Peer Tutoring - great for self-confidence and interpersonal skills

Computer Tutors

There is a well known hierarchy of learning experiences.

The least effective is listening to the teacher!

Better than this is learning by watching.

Better still - learning by doing.

But by far the most effective way of consolidating learning is teaching what you have learned to others.

In every classroom, pupils help each other in the learning process. The Dolphin System harnesses this fact and formalises it with the concept of the computer tutor. It gives recognition to the children who already have skills and enables them to pass on their skills to others. In addition, children using Dolphin are not only given recognition for acquiring new computer skills, but also for developing the skills of being a good computer tutor.

Choosing Your Approach: Strategies for Using Peer Tutoring

Peer tutoring is a very versatile concept. Schools using Dolphin are all using it in different ways, and the author himself finds that his teaching strategy varies with different topics and year groups. How you use Dolphin in your school will depend on:

  • the existing level of expertise of pupils and staff
  • the quantity, type and arrangement of computers
  • timetabling and organisation of other lessons across the curriculum
Peer tutoring can be used equally effectively where computers are located singly or in small groups in the pupils' own classrooms or where they are grouped together in a computer suite. Whatever the arrangement you can first teach a small group of pupils who practise what they have learned before passing on their skills to others in the class.

If you have a projector and screen or interactive whiteboard, the Dolphin pages can be used to teach skills directly to the whole class. Then peer tutoring can be used in the follow-up sessions, with the more confident pupils supporting their peers in consolidating what they have learned.

Comprehensive advice on using Dolphin in a variety of different classroom situations is given in the user guide and teachers' manual.

Character Development

There are several important spin offs in using the peer tutoring approach:
  1. The children learn to work independently of the teacher and take responsibility for their own learning.
  2. The process of acquiring the skills of a computer tutor brings about a considerable increase in awareness in all the pupils. As part of the record keeping process the pupils assess their tutors on the quality of their teaching. As a consequence the children develop a sensitivity to each other's learning style.
  3. The experience also improves the social standing of those technically minded children who may previously have been unpopular in the class group.


Peer Tutoring in Action - LTS Article

"I like teaching other children. I think it is a very clever idea to ask children to tutor other children and it will save the teacher a lot of fuss."

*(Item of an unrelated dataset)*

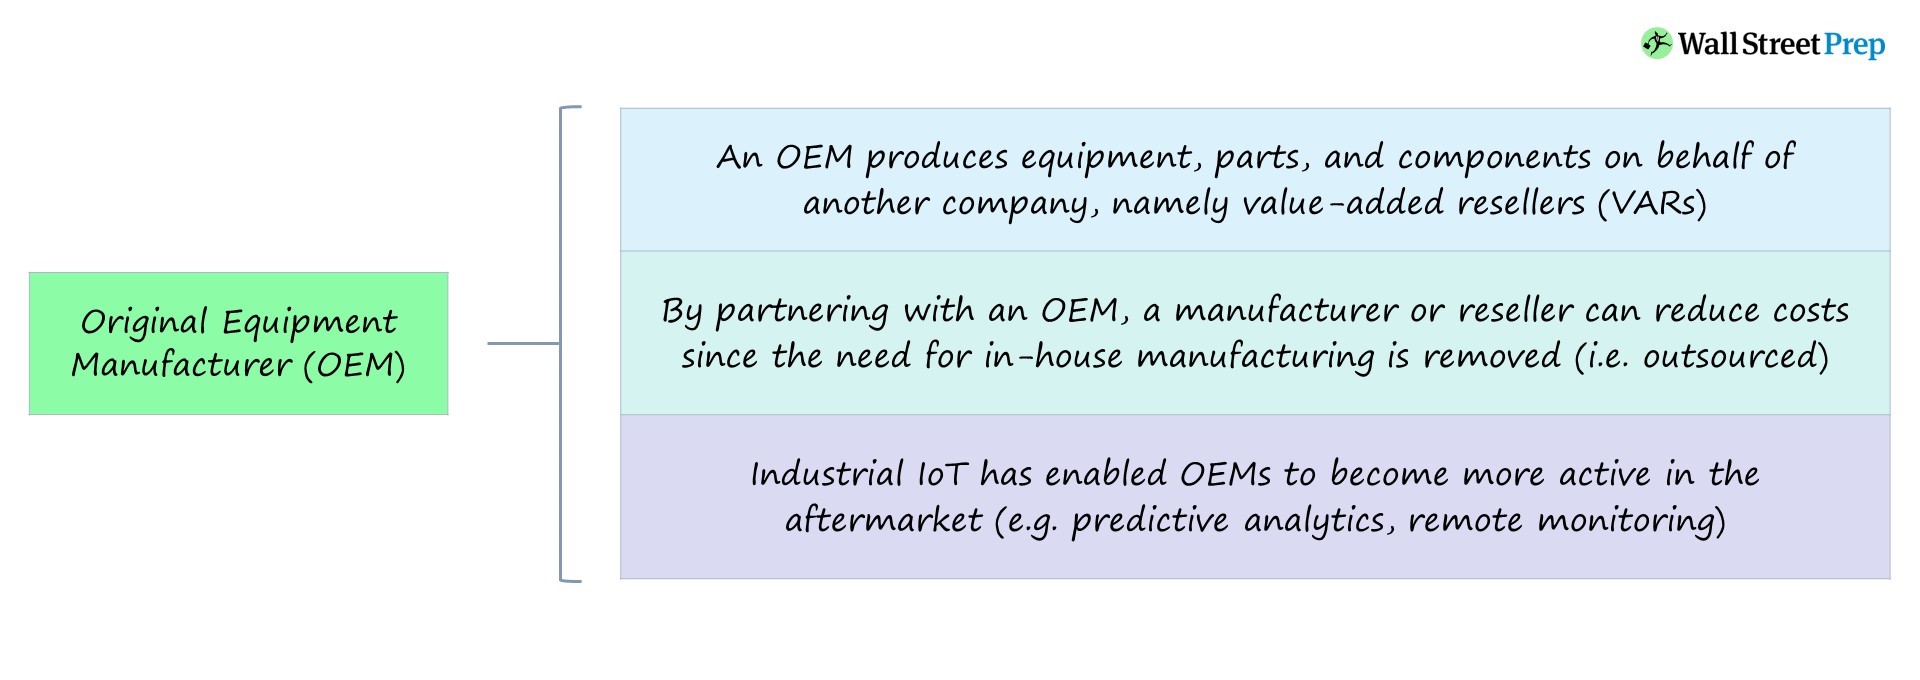 Fabricante de equipos originales (OEM) | Definición + ejemplos
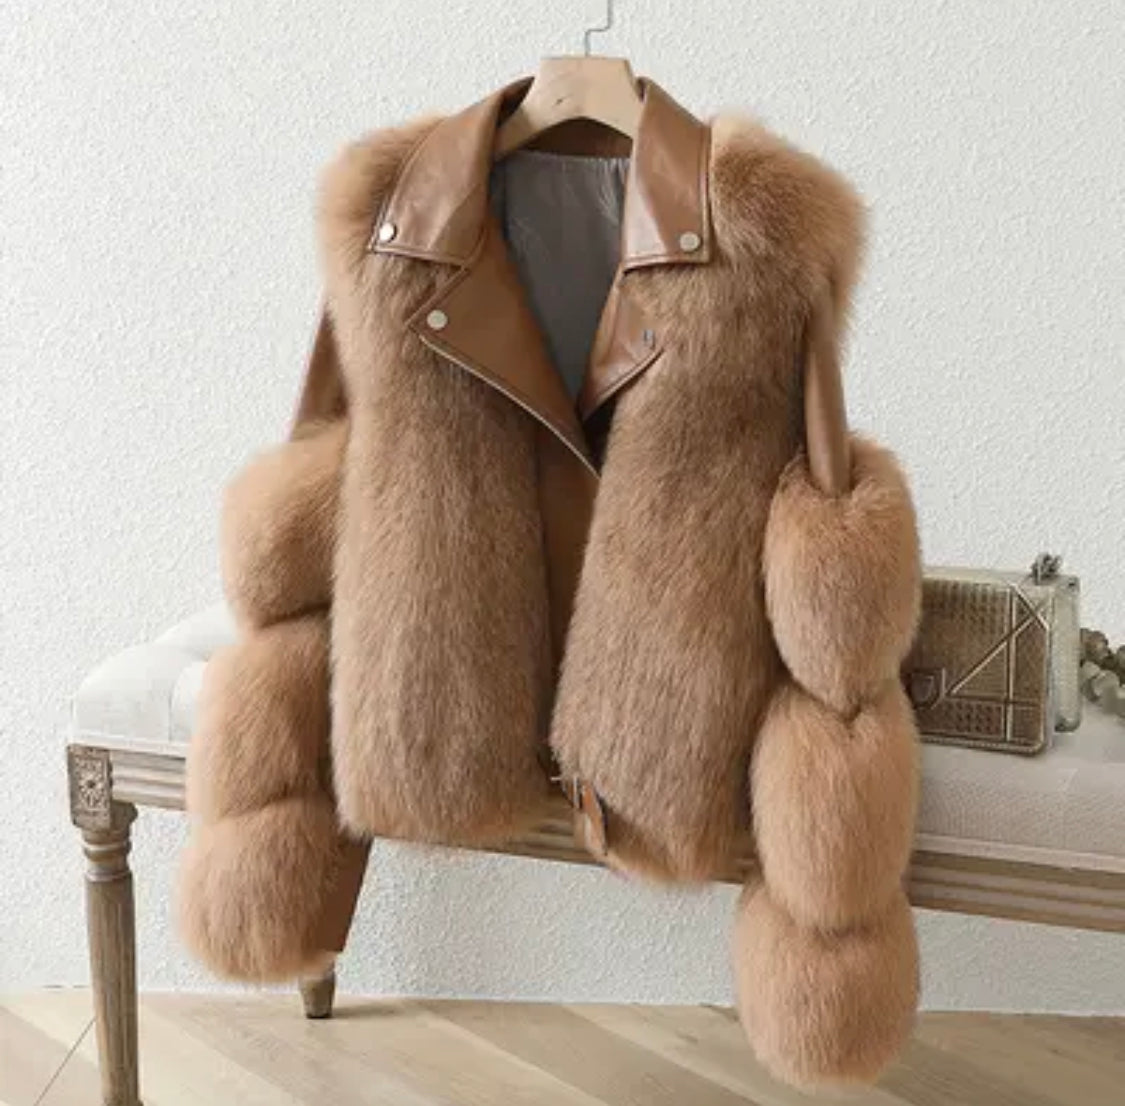 Luxury Leather Fur Jacket

Odmar, Pupil, Kingswells Primary School, Aberdeen

Peer Tutoring Research Findings

See the Dolphin User Guide
for full guidance on classroom management

"I find I really enjoy teaching others on the computer because it helps to refresh your memory on whatever section you are working at. Also it's good because you are learning and sharing your knowledge, and it's fun at the same time."

Stephanie, Pupil, Kingswells Primary School, Aberdeen

"Dolphin also provides a motivational technique in peer tutoring. After initial instruction by the teacher, children work in pairs, one child learning and the other acting as a tutor. The children take their role as tutors very seriously and so they are keen to learn. The fact that they can demonstrate skills to another is proof of their understanding. Peer tutoring also promotes teamwork and develops interpersonal skills."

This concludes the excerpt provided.